Maybe this happens to you. Maybe it doesn’t.

You’re invited to a party and as a nice gesture, you bring something along. Being a baker you decide, naturally, to bake something.

So you get to the party, you’re wining and dining, loosening up and enjoying yourself. But when people find out you’ve brought a dessert, they all of the sudden get very interested in you, and what you’ve brought, what’s it called, how you’ve made it, what’s in it, what’s the recipe, etc..etc…

The most difficult was when I brought a Bûche de Noël to a Christmas party, which is a fairly complicated affair involving spongecake, chocolate buttercream, soaking syrup, and lots of crackly meringue mushrooms for decoration. Some nutty woman followed me around all night with a pen and note pad, prodding me for recipe details and I spent the whole night trying to avoid her.

But let’s say you’ve been working on recipes all day, or adding recipes to your blog. So you go to a party and maybe you’d rather just not talk about what you’ve made: After all, don’t they know you have a food blog and a couple of cookbooks where they can get all that information?

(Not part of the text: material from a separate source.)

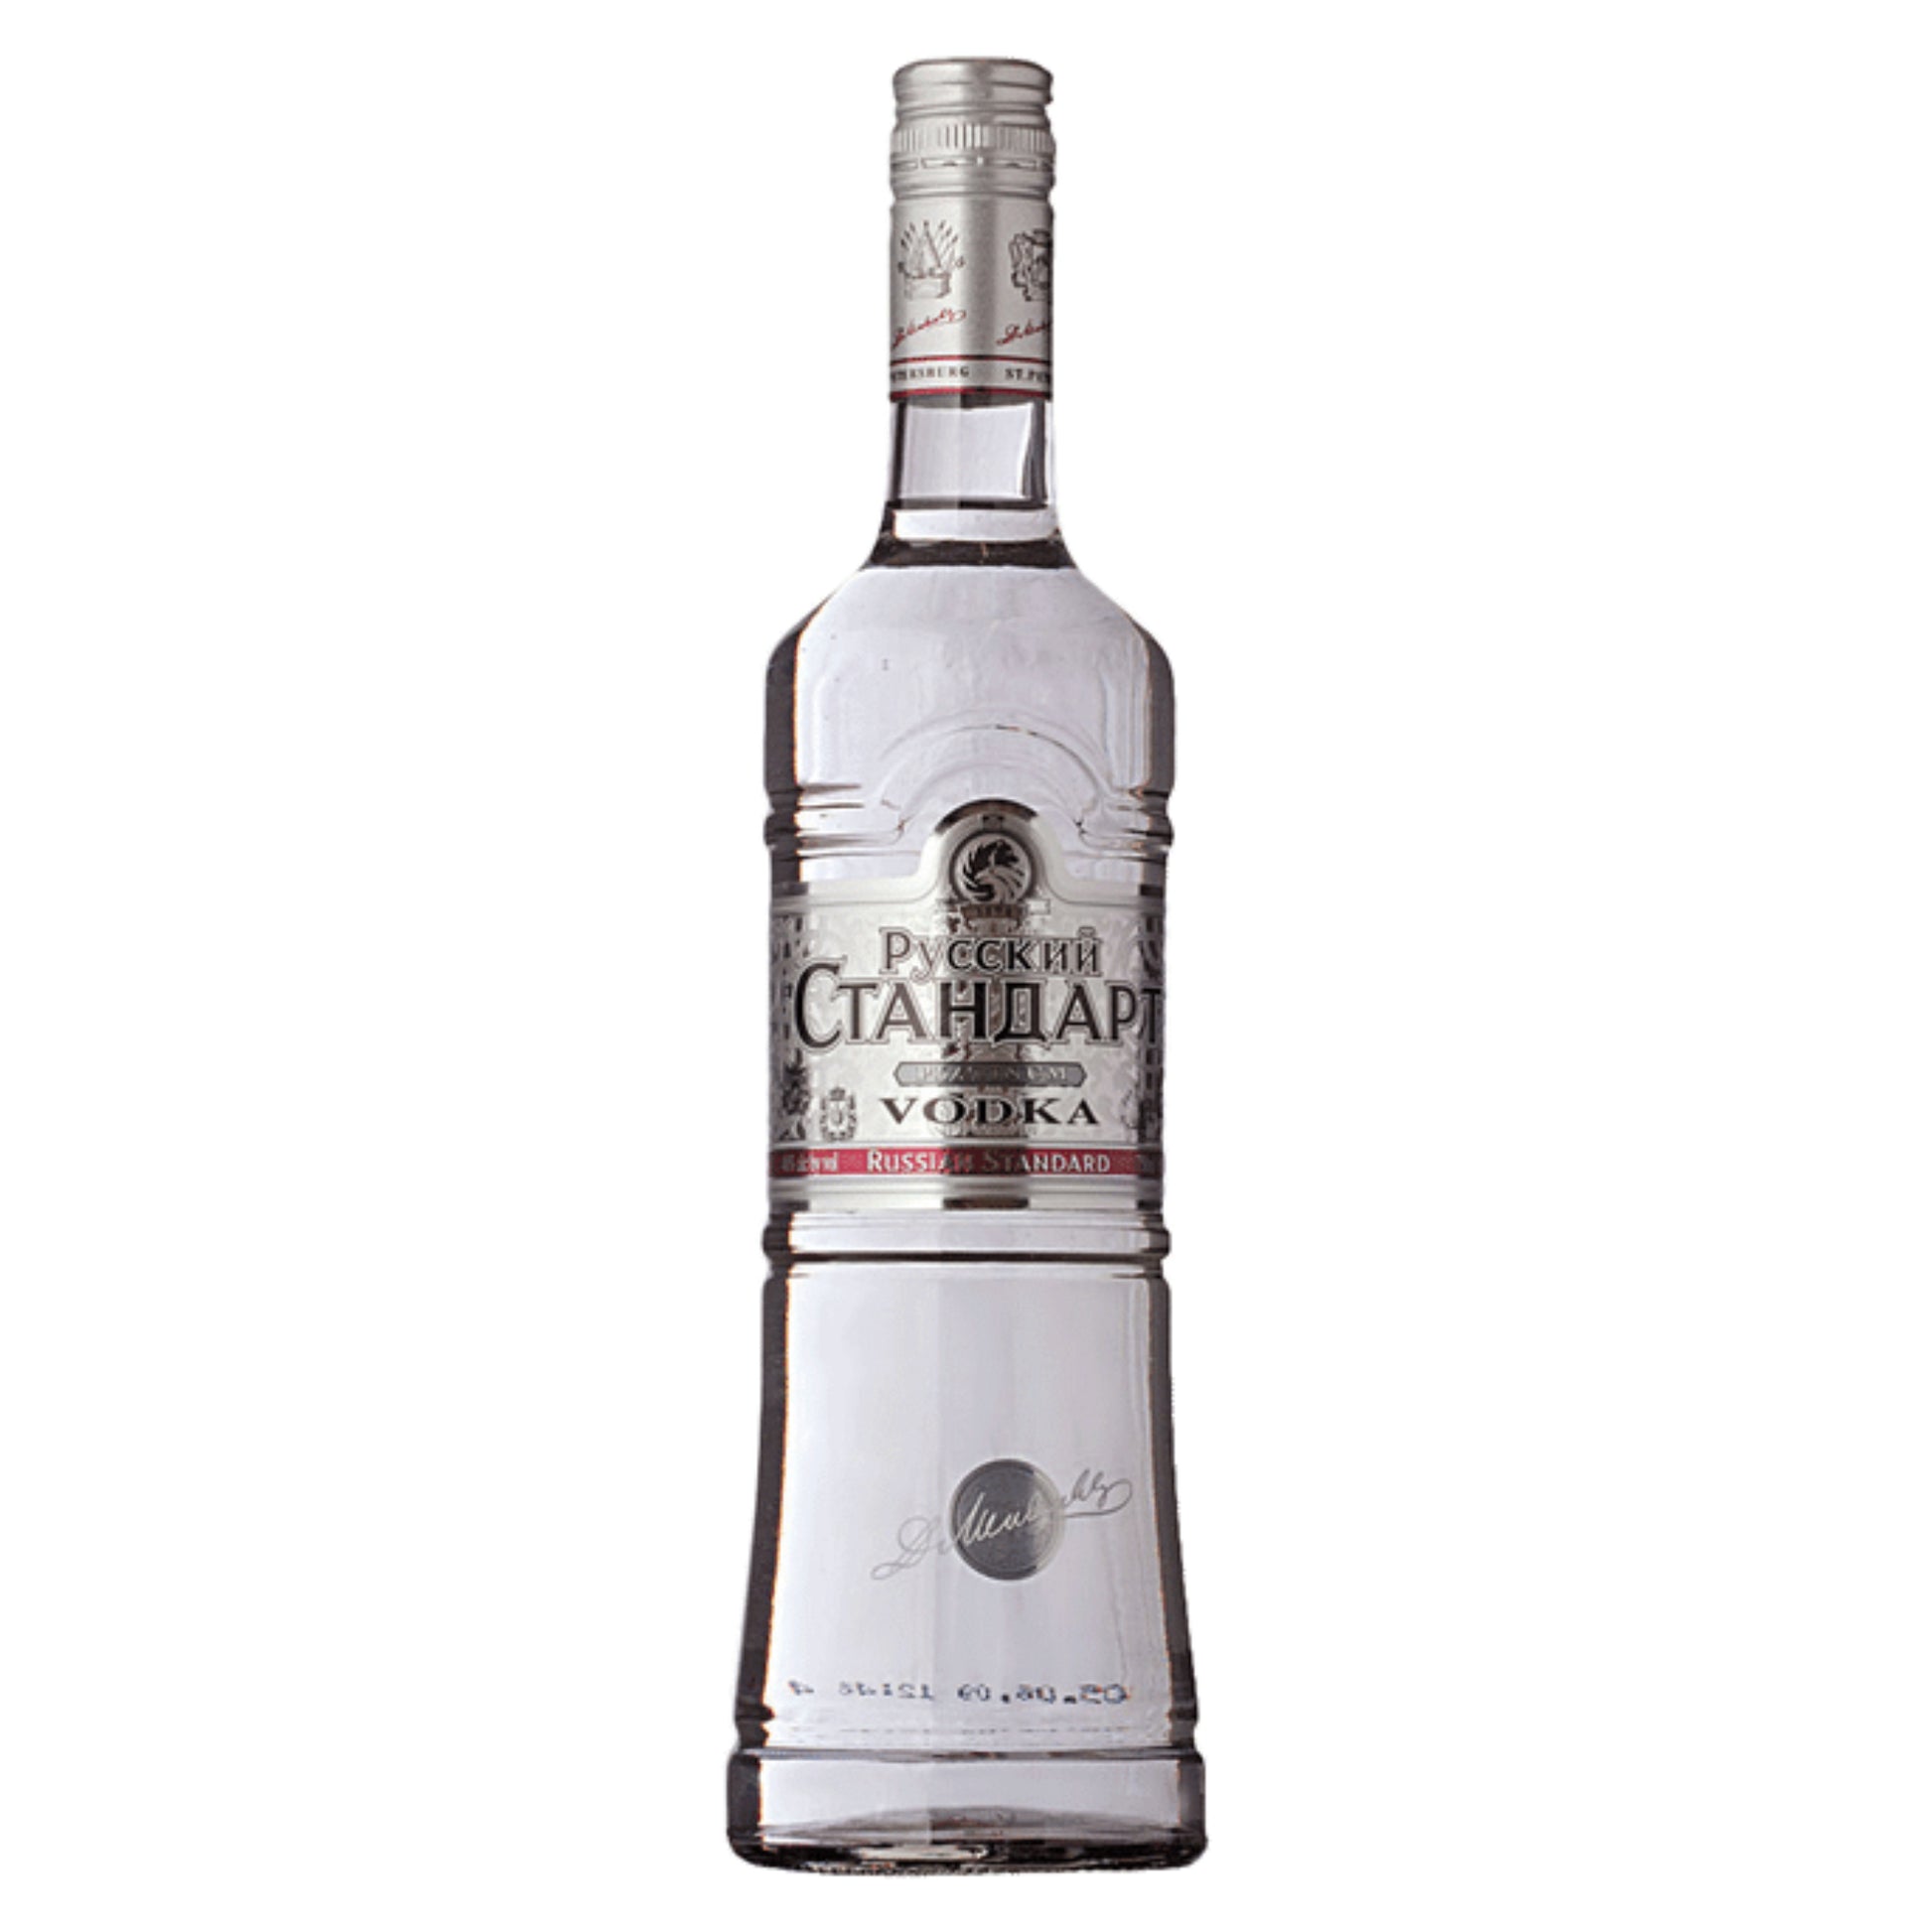 Russian Standard Platinum - Liquor Geeks

(And no, I don’t have a recipe for Bûche de Noël. But thanks for asking…)

Bakers Edge Pan

So my technique for throwing ‘em off the scent is to make up names for things I’ve baked that mean nothing, something innocuous that no one can possibly question what’s inside it. I’ve brought to parties Chocolate Surprise Cake, Mystery Spice Cake and Baked Summertime Fruit Dessert. But you need to be careful since if you pick the wrong name, something like Chocolate Emergency Cake, you’ll have to explain the story behind the moniker ‘emergency’.
And we can’t have that, can we?

Then there’s Friendship Bars, which is the name I often give these Fruitcake Bars.